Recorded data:
════════════════
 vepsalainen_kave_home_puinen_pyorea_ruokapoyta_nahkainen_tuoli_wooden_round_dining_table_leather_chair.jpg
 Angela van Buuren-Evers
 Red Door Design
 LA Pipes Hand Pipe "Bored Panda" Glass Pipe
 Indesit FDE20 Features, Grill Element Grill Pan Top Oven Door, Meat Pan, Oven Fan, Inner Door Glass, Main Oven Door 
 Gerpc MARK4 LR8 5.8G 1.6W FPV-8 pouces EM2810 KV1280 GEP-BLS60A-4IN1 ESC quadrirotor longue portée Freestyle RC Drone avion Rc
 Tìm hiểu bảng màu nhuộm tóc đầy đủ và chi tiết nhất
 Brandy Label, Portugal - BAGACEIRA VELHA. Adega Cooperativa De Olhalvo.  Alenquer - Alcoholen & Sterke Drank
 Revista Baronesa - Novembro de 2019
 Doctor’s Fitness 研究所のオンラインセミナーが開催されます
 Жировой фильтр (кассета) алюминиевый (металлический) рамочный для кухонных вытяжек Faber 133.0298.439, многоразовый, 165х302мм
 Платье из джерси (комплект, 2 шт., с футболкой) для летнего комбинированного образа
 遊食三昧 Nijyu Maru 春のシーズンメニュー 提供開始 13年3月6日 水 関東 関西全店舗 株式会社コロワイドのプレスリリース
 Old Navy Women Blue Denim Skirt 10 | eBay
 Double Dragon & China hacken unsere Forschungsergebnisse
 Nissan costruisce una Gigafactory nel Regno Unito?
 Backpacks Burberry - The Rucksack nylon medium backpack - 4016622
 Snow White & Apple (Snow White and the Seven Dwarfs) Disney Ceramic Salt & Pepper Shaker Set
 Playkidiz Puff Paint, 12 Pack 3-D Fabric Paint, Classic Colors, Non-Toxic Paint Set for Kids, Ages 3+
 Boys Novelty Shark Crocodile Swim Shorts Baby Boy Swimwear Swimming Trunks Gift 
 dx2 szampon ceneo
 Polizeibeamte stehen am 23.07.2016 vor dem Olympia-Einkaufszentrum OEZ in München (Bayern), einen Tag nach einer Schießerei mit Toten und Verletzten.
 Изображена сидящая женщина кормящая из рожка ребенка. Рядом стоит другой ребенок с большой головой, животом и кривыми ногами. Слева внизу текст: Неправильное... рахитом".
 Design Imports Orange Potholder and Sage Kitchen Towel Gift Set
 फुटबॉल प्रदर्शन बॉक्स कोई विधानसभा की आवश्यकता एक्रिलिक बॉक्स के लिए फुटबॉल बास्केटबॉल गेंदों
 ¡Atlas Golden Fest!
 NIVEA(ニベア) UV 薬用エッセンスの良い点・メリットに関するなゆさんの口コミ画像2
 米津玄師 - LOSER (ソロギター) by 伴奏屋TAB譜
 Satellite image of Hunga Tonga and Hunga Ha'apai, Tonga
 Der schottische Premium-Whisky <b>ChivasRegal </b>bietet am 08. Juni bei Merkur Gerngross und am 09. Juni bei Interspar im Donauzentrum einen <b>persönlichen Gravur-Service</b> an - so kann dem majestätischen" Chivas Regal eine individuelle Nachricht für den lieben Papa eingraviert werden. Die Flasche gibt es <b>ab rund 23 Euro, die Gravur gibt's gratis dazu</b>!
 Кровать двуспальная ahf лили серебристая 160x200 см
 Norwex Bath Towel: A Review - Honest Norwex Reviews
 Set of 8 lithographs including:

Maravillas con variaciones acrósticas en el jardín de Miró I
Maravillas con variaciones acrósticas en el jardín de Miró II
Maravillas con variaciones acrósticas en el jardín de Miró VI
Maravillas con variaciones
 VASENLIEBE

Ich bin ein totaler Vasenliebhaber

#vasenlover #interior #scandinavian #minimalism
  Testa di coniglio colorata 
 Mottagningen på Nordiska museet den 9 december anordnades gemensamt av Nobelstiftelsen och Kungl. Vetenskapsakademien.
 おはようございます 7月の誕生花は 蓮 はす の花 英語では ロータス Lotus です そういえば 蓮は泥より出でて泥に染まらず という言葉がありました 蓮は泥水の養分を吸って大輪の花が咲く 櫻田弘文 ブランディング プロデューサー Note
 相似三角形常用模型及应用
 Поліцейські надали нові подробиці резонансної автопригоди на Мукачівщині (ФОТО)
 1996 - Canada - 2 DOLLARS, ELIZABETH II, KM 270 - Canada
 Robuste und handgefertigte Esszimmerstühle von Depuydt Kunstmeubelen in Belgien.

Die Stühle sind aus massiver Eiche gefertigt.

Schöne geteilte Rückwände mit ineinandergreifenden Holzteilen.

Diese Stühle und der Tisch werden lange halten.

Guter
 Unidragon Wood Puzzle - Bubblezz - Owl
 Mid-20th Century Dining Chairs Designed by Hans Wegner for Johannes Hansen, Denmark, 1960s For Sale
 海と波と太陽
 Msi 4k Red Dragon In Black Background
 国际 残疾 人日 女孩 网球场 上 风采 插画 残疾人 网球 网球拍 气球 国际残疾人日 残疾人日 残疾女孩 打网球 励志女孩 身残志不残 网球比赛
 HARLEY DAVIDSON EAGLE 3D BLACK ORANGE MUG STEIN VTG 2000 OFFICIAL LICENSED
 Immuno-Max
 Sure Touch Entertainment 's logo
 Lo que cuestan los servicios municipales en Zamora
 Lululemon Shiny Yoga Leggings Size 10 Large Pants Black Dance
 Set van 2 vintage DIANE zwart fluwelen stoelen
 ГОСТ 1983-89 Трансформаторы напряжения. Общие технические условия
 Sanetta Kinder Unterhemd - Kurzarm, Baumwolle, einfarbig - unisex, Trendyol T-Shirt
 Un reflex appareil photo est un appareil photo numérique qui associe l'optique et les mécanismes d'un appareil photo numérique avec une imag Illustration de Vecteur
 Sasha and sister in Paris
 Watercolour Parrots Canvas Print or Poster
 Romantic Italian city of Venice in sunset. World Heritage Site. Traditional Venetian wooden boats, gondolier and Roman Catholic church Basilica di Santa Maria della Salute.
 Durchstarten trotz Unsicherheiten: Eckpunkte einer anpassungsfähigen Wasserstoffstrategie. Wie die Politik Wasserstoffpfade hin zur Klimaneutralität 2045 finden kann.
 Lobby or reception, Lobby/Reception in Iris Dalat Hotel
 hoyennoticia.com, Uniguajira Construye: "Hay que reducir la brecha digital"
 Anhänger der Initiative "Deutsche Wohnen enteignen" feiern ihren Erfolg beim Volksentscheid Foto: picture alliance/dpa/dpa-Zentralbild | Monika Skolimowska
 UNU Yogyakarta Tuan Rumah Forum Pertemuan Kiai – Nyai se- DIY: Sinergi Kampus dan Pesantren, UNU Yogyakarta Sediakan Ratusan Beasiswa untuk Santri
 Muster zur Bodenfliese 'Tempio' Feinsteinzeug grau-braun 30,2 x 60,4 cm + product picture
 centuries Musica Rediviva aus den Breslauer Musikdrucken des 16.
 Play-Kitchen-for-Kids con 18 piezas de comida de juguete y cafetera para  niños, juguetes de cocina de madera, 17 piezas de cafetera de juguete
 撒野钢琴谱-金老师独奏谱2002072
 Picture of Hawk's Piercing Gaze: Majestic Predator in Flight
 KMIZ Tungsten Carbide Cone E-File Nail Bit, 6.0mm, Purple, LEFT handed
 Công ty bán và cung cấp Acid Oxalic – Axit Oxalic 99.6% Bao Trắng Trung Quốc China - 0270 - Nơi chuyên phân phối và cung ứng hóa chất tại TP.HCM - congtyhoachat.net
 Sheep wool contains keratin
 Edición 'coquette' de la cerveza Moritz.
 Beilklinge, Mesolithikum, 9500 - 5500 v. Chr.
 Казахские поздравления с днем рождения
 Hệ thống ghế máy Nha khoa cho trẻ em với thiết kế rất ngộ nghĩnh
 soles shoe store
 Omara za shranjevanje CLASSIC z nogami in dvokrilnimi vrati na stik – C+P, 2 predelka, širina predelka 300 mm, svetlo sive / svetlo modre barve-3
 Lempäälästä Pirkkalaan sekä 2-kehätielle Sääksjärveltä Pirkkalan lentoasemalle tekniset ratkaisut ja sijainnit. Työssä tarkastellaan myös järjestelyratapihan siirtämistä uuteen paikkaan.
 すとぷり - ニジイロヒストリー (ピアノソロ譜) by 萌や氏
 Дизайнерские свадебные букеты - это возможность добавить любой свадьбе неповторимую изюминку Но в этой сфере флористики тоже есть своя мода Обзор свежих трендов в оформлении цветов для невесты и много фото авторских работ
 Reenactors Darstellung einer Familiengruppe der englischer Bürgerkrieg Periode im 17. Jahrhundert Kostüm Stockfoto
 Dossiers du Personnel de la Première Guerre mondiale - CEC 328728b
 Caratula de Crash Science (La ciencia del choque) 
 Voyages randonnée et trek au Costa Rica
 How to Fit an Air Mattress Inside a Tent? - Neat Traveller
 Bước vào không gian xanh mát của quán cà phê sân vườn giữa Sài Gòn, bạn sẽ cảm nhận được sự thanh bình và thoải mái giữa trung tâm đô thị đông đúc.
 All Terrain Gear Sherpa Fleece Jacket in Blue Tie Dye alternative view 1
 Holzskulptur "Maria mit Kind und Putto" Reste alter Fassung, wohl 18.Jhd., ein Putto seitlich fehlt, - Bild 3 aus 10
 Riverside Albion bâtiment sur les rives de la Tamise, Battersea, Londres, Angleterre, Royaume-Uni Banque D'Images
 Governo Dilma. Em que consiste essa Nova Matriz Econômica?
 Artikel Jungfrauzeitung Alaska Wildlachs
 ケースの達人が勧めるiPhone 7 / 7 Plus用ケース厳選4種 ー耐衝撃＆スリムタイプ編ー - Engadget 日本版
════════════════
YOUR INSTRUCTIONS: Above are the records; print exactly the lines from the line with "LA Pipes Hand" to the line with "Doctor’s Fitness 研究所のオンラインセミナーが開催されます", including both, and nothing else.

RESPONSE:
 LA Pipes Hand Pipe "Bored Panda" Glass Pipe
 Indesit FDE20 Features, Grill Element Grill Pan Top Oven Door, Meat Pan, Oven Fan, Inner Door Glass, Main Oven Door 
 Gerpc MARK4 LR8 5.8G 1.6W FPV-8 pouces EM2810 KV1280 GEP-BLS60A-4IN1 ESC quadrirotor longue portée Freestyle RC Drone avion Rc
 Tìm hiểu bảng màu nhuộm tóc đầy đủ và chi tiết nhất
 Brandy Label, Portugal - BAGACEIRA VELHA. Adega Cooperativa De Olhalvo.  Alenquer - Alcoholen & Sterke Drank
 Revista Baronesa - Novembro de 2019
 Doctor’s Fitness 研究所のオンラインセミナーが開催されます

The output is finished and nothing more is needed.